The Court has screened plaintiff's complaint and finds that it does not state any claims upon which relief may be granted under section 1983. The Court will provide plaintiff with the opportunity to file an amended complaint curing the deficiencies identified by the Court in this order. Noll v. Carlson, 809 F.2d 1446, 1448-49 (9th Cir. 1987). Plaintiff is cautioned that he may not change the nature of this suit by adding new, unrelated claims in his amended complaint. George, 507 F.3d at 607 (no "buckshot" complaints).

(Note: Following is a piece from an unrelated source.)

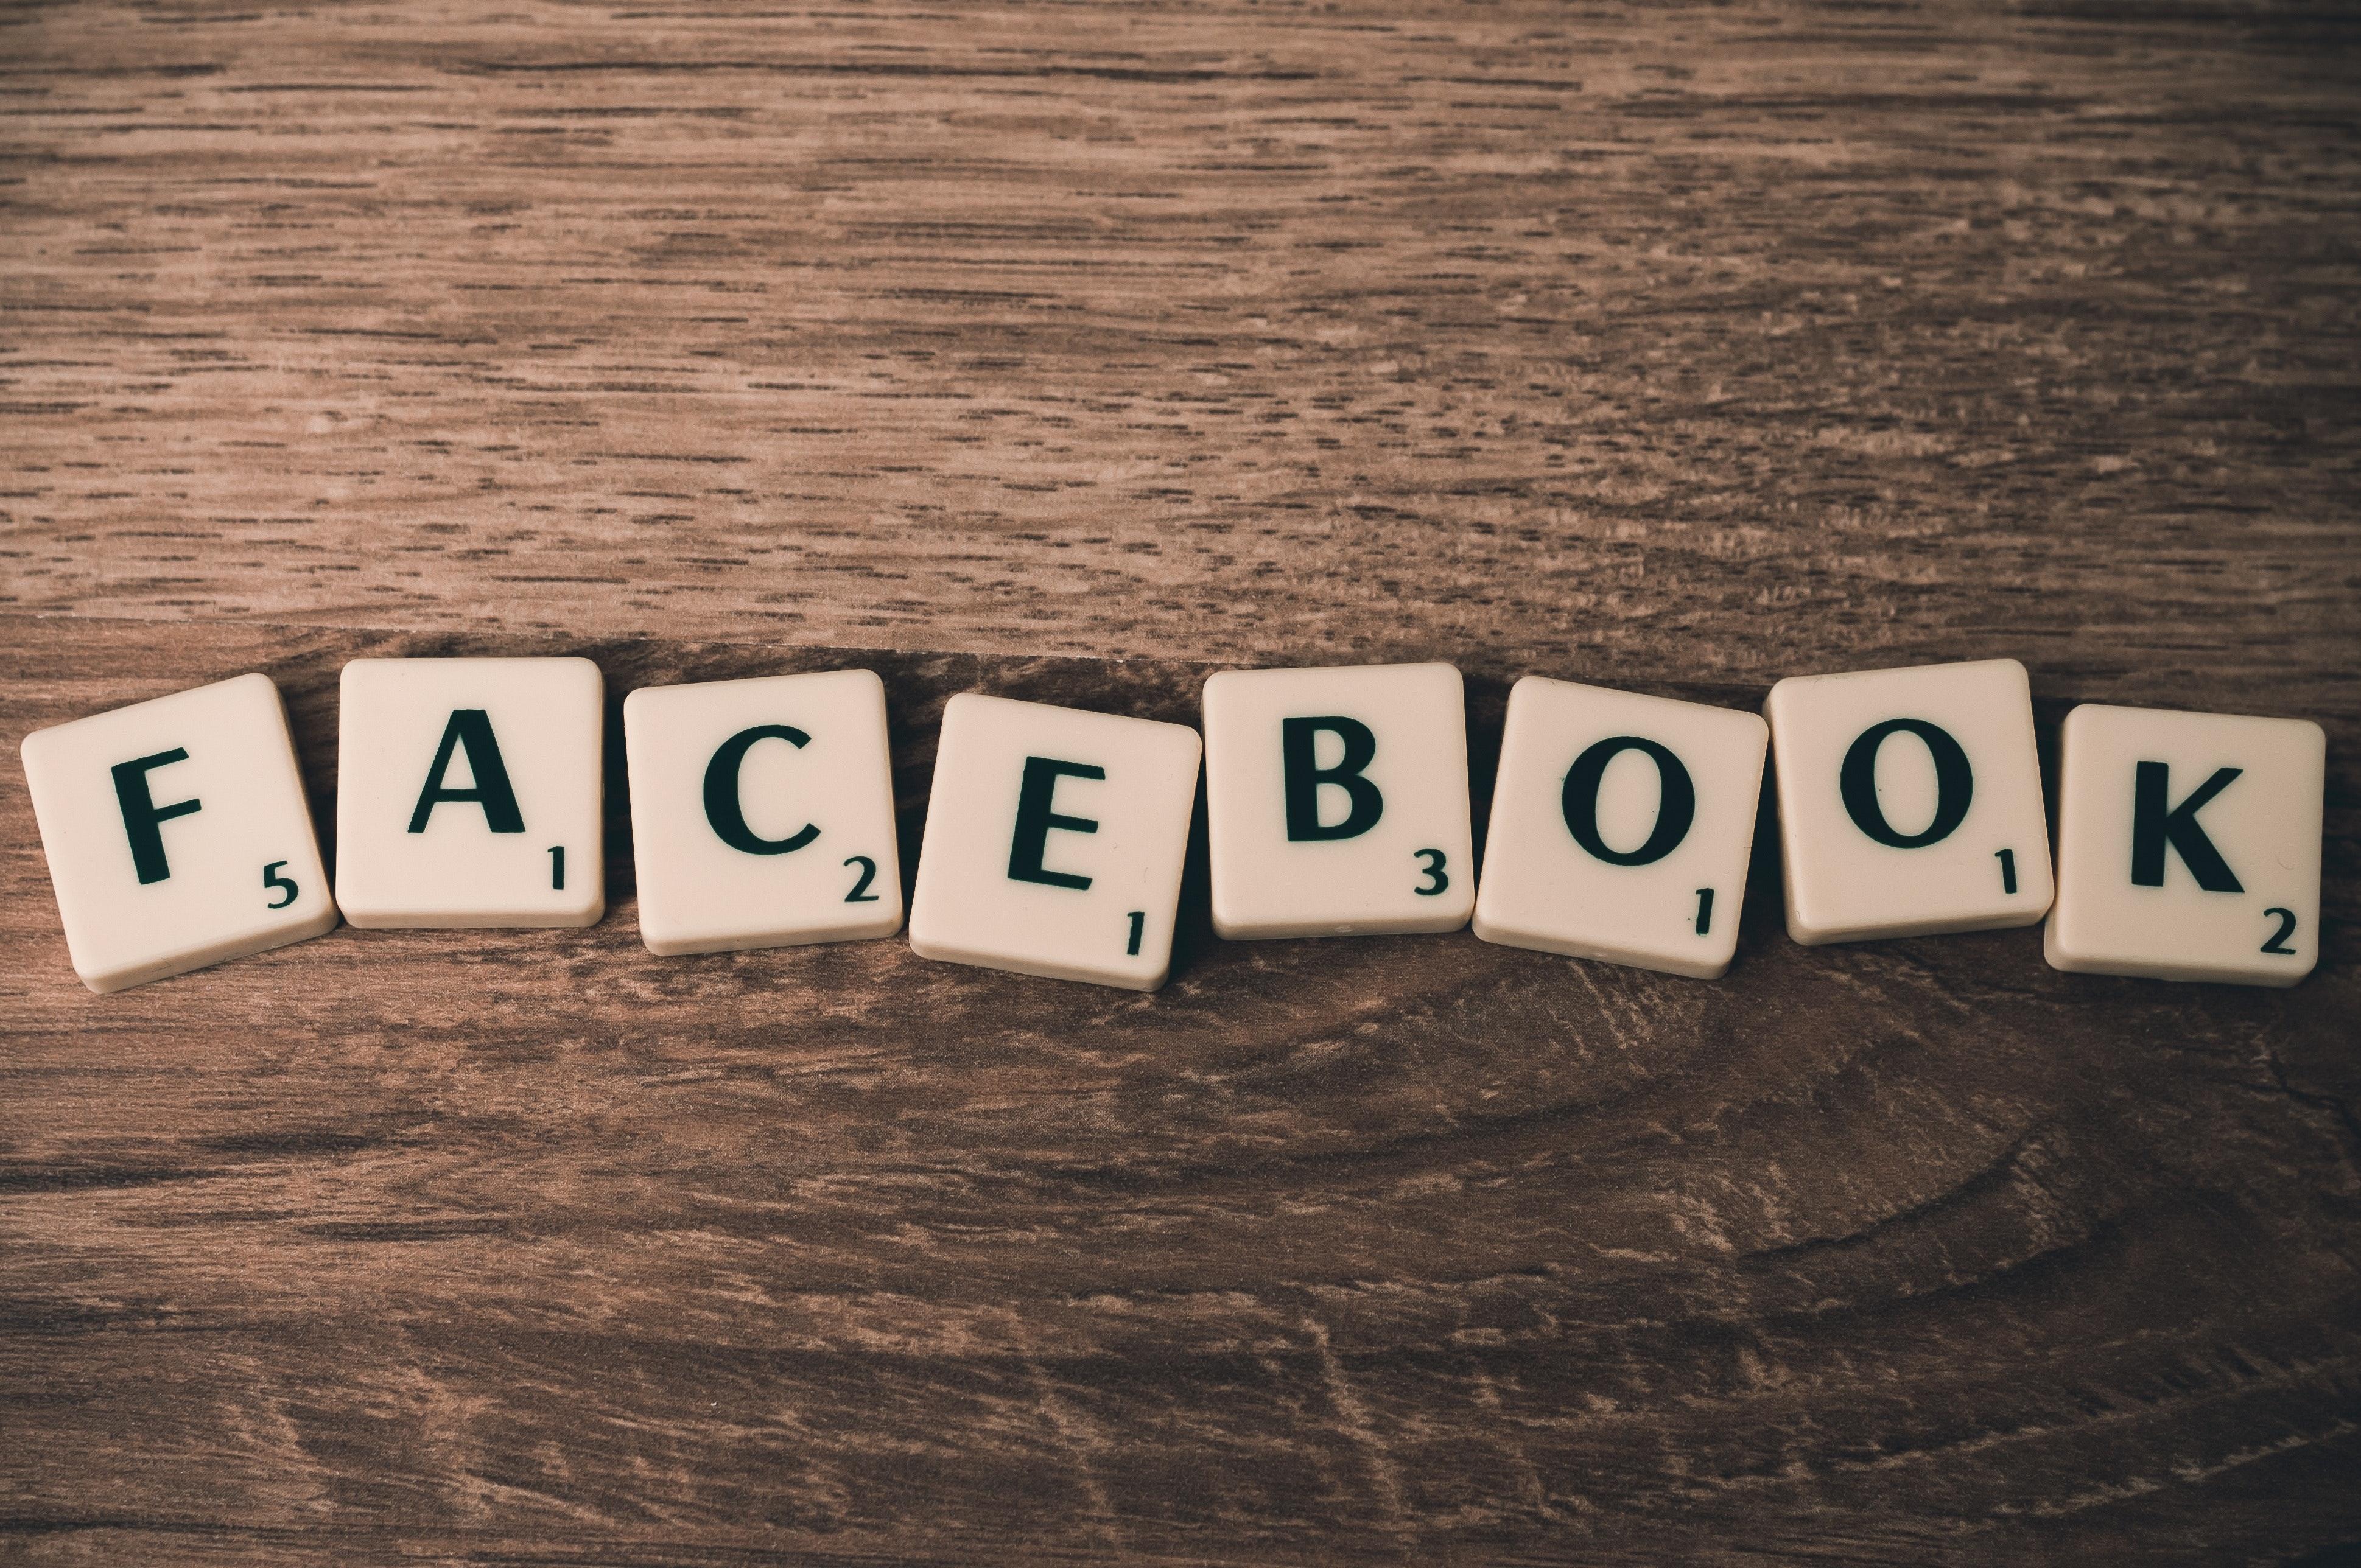 facebook-internet-letters-262545.jpg

Plaintiff's amended complaint should be brief, Fed. R. Civ. P. 8(a), but must state what each named defendant did that led to the deprivation of Plaintiff's constitutional or other federal rights, Hydrick, 500 F.3d at 987-88. Although accepted as true, the "[f]actual allegations must be [sufficient] to raise a right to relief above the speculative level . . . ." Bell Atlantic Corp. v. Twombly, 127 S.Ct. 1955, 1965 (2007) (citations omitted).

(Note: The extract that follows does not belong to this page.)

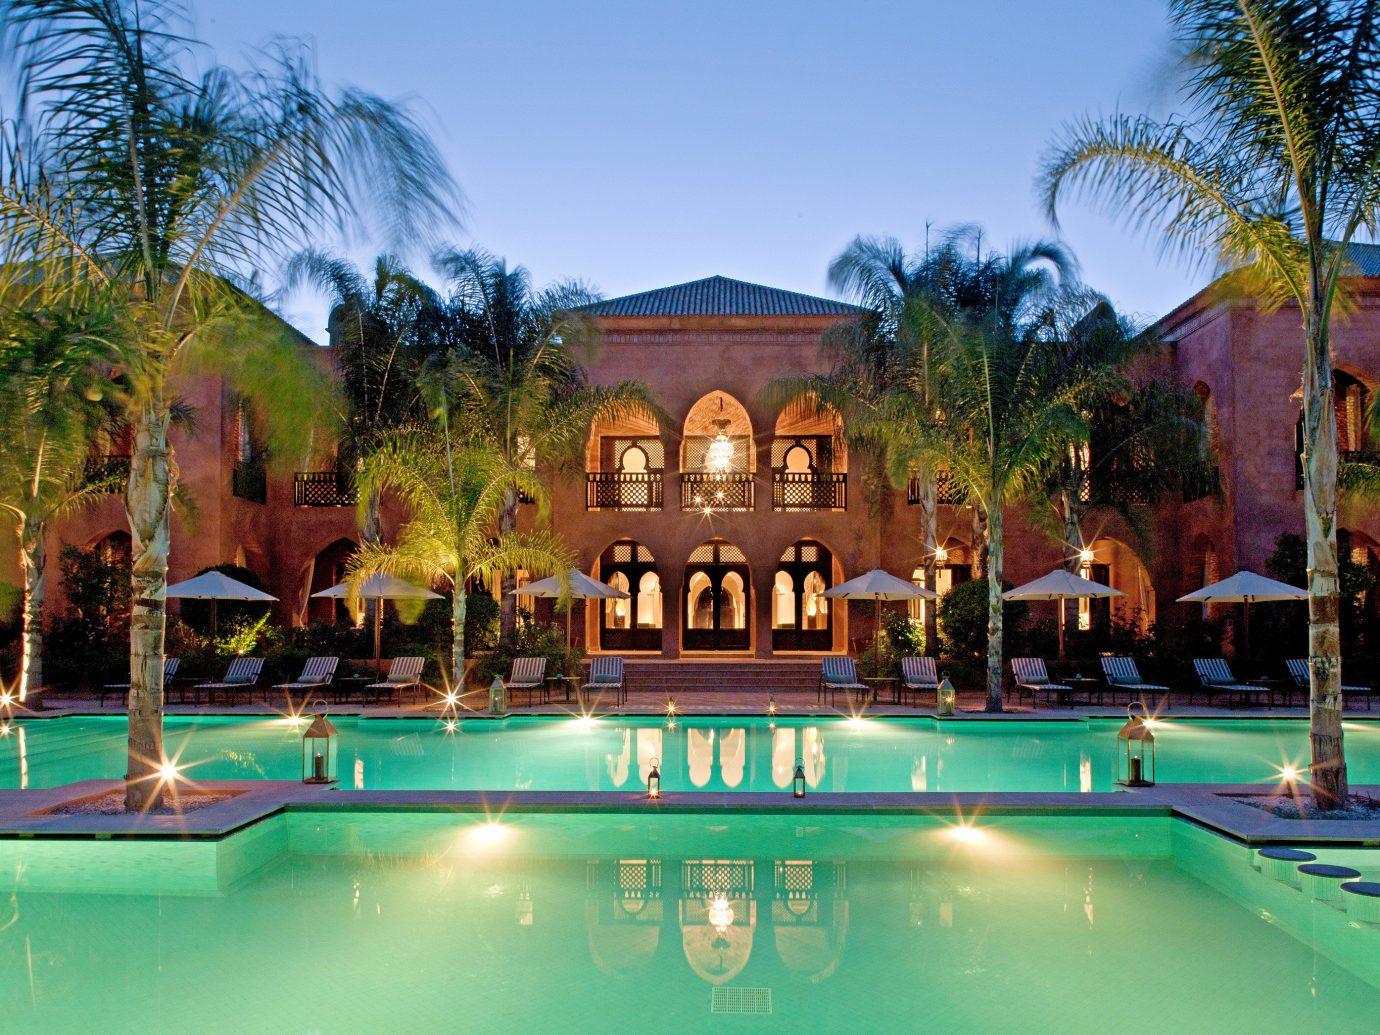 Trip Ideas tree sky outdoor leisure swimming pool Resort estate property building vacation home Villa mansion palace hacienda

Finally, plaintiff is advised that an amended complaint supercedes the original complaint, Forsyth v. Humana, Inc., 114 F.3d 1467, 1474 (9th Cir. 1997); King v. Atiyeh, 814 F.2d 565, 567 (9th Cir. 1987), and must be "complete in itself without reference to the prior or superceded pleading," Local Rule 220. Plaintiff is warned that "[a]ll causes of action alleged in an original complaint which are not alleged in an amended complaint are waived." King, 814 F.2d at 567 (citing to London v. Coopers & Lybrand, 644 F.2d 811, 814 (9th Cir. 1981)); accord Forsyth, 114 F.3d at 1474.

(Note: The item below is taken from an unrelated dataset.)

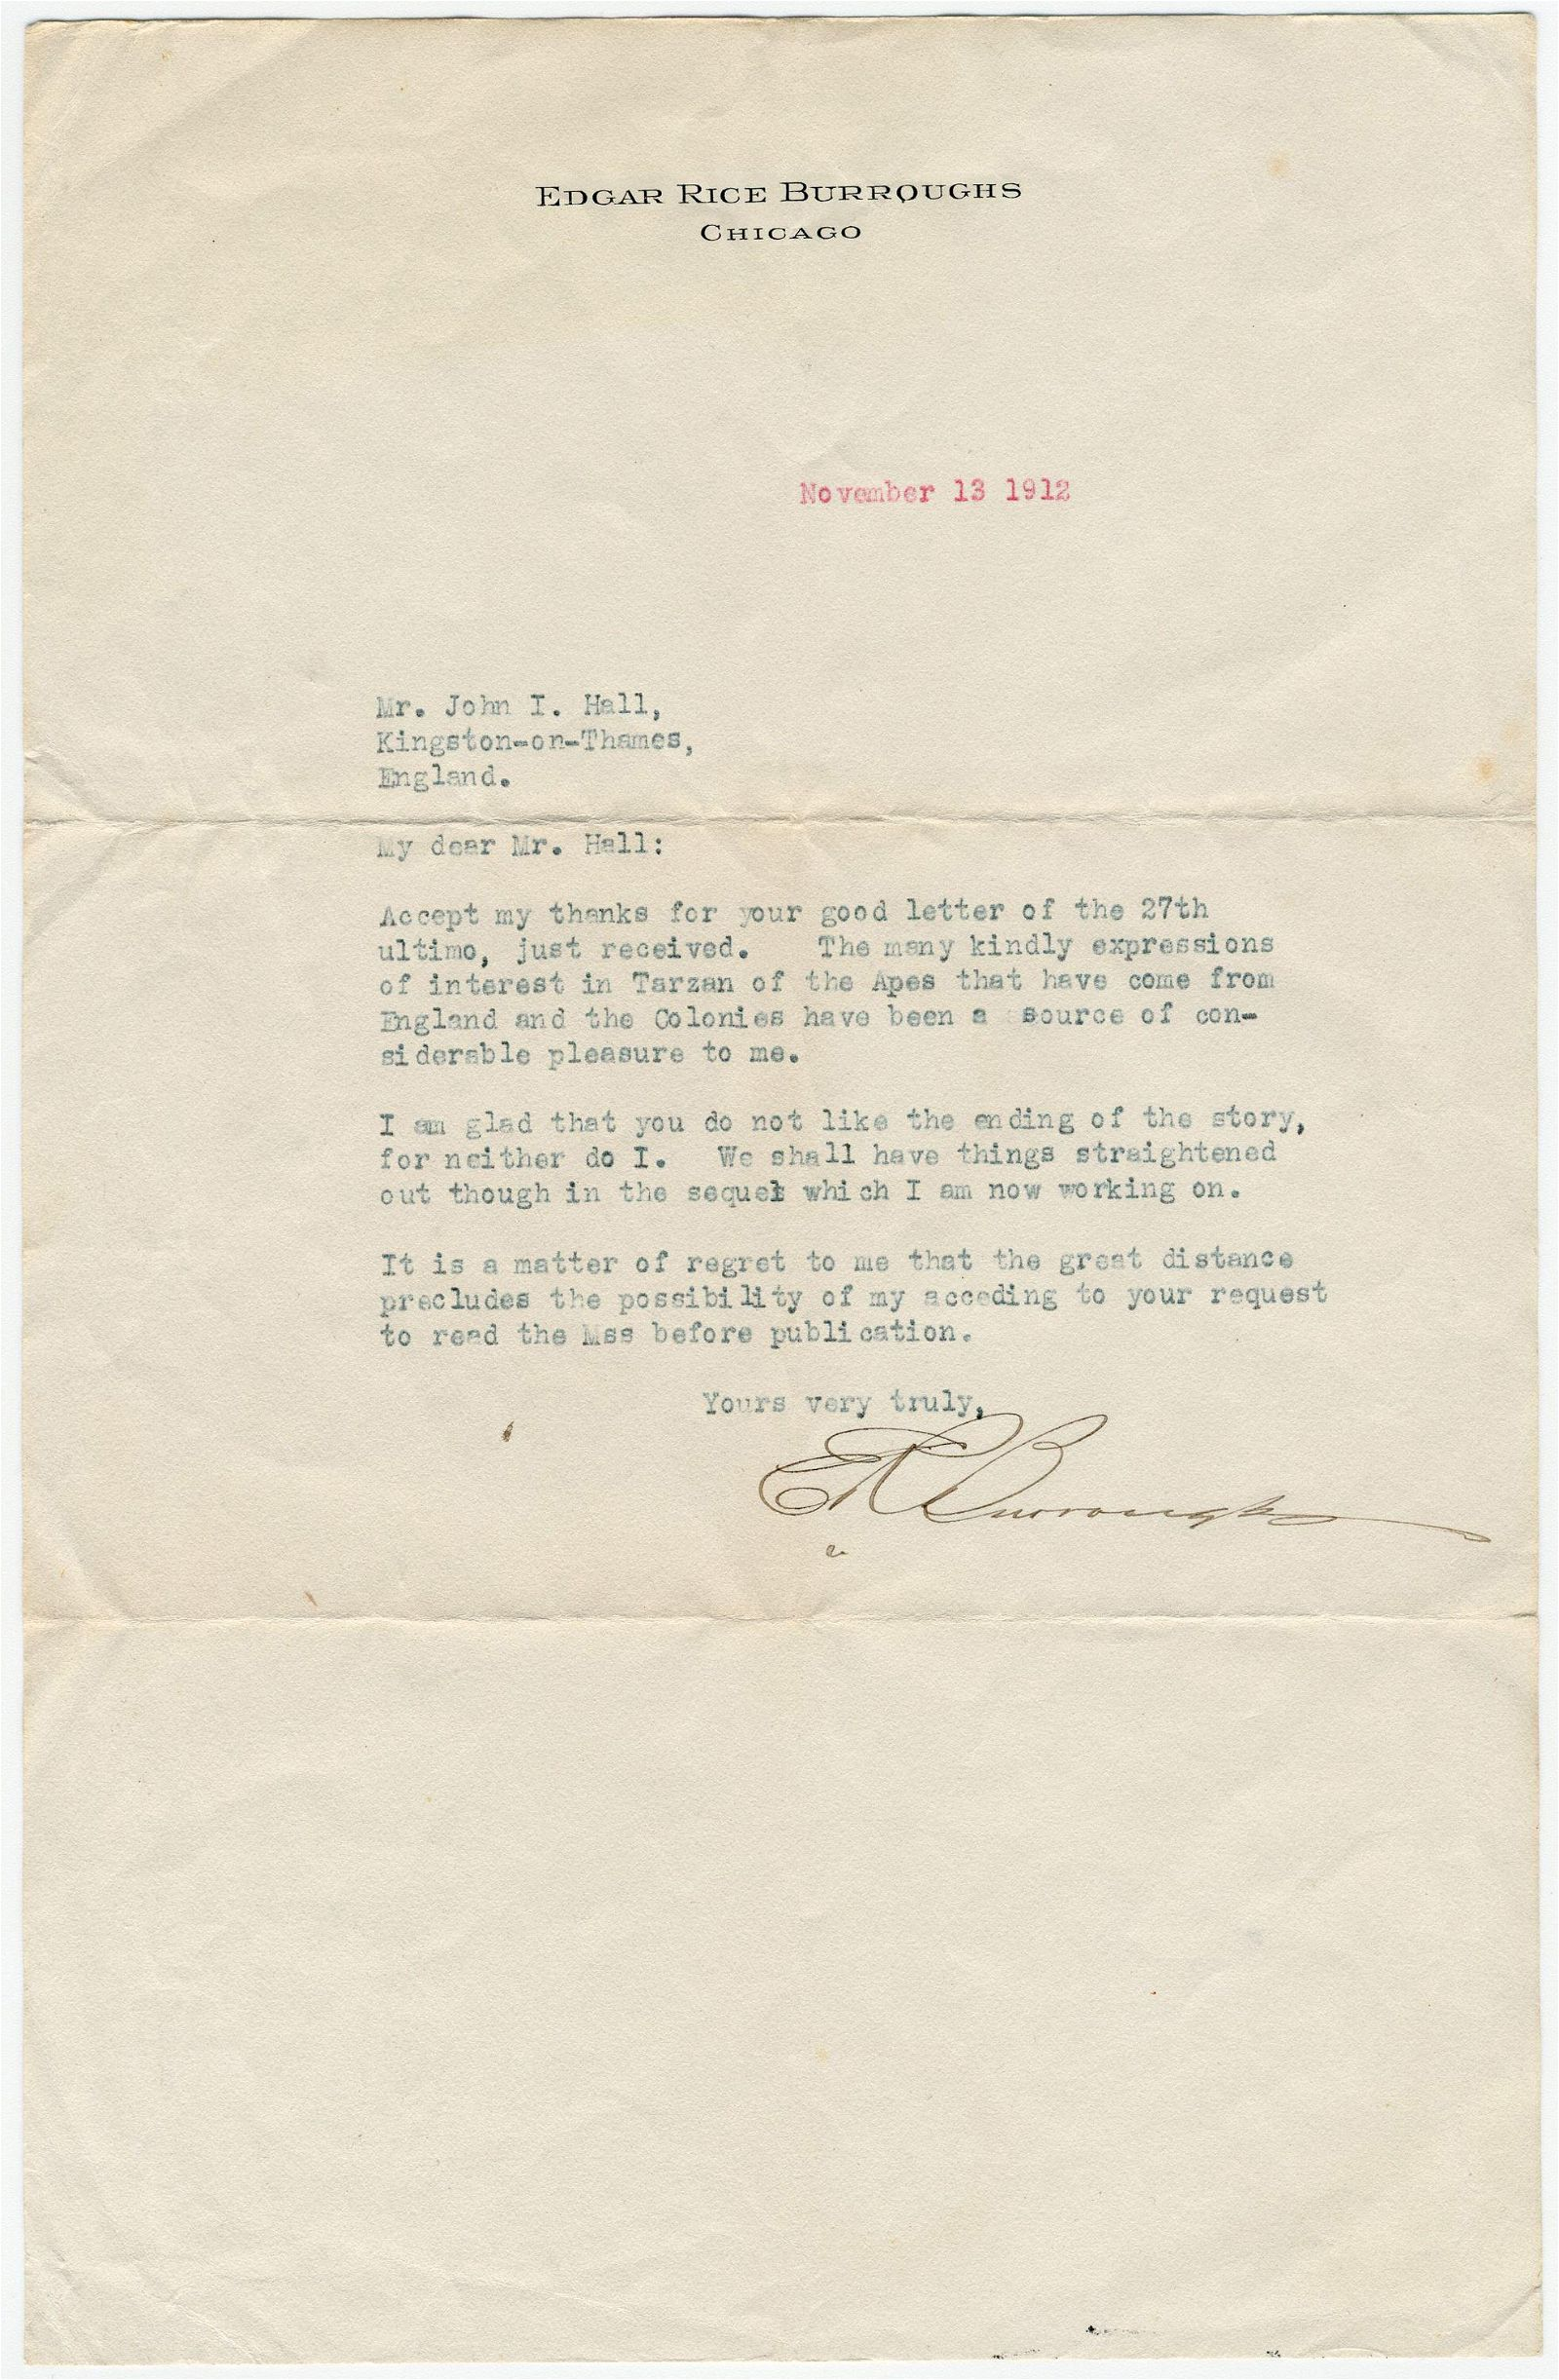 Edgar Rice Burroughs TLS Re: Unsatisfactory Ending of

Accordingly, based on the foregoing, it is HEREBY ORDERED that:

1. Plaintiff's complaint is dismissed, with leave to amend, for failure to state a claim;

2. The Clerk's Office shall send to plaintiff a complaint form;

3. Within thirty (30) days from the date of service of this order, Plaintiff shall file an amended complaint;

4. Plaintiff may not add any new, unrelated claims to this action via his amended complaint and any attempt to do so will result in an order striking the amended complaint; and

5. If Plaintiff fails to file an amended complaint, the Court will recommend that this action be dismissed, with prejudice, for failure to state a claim.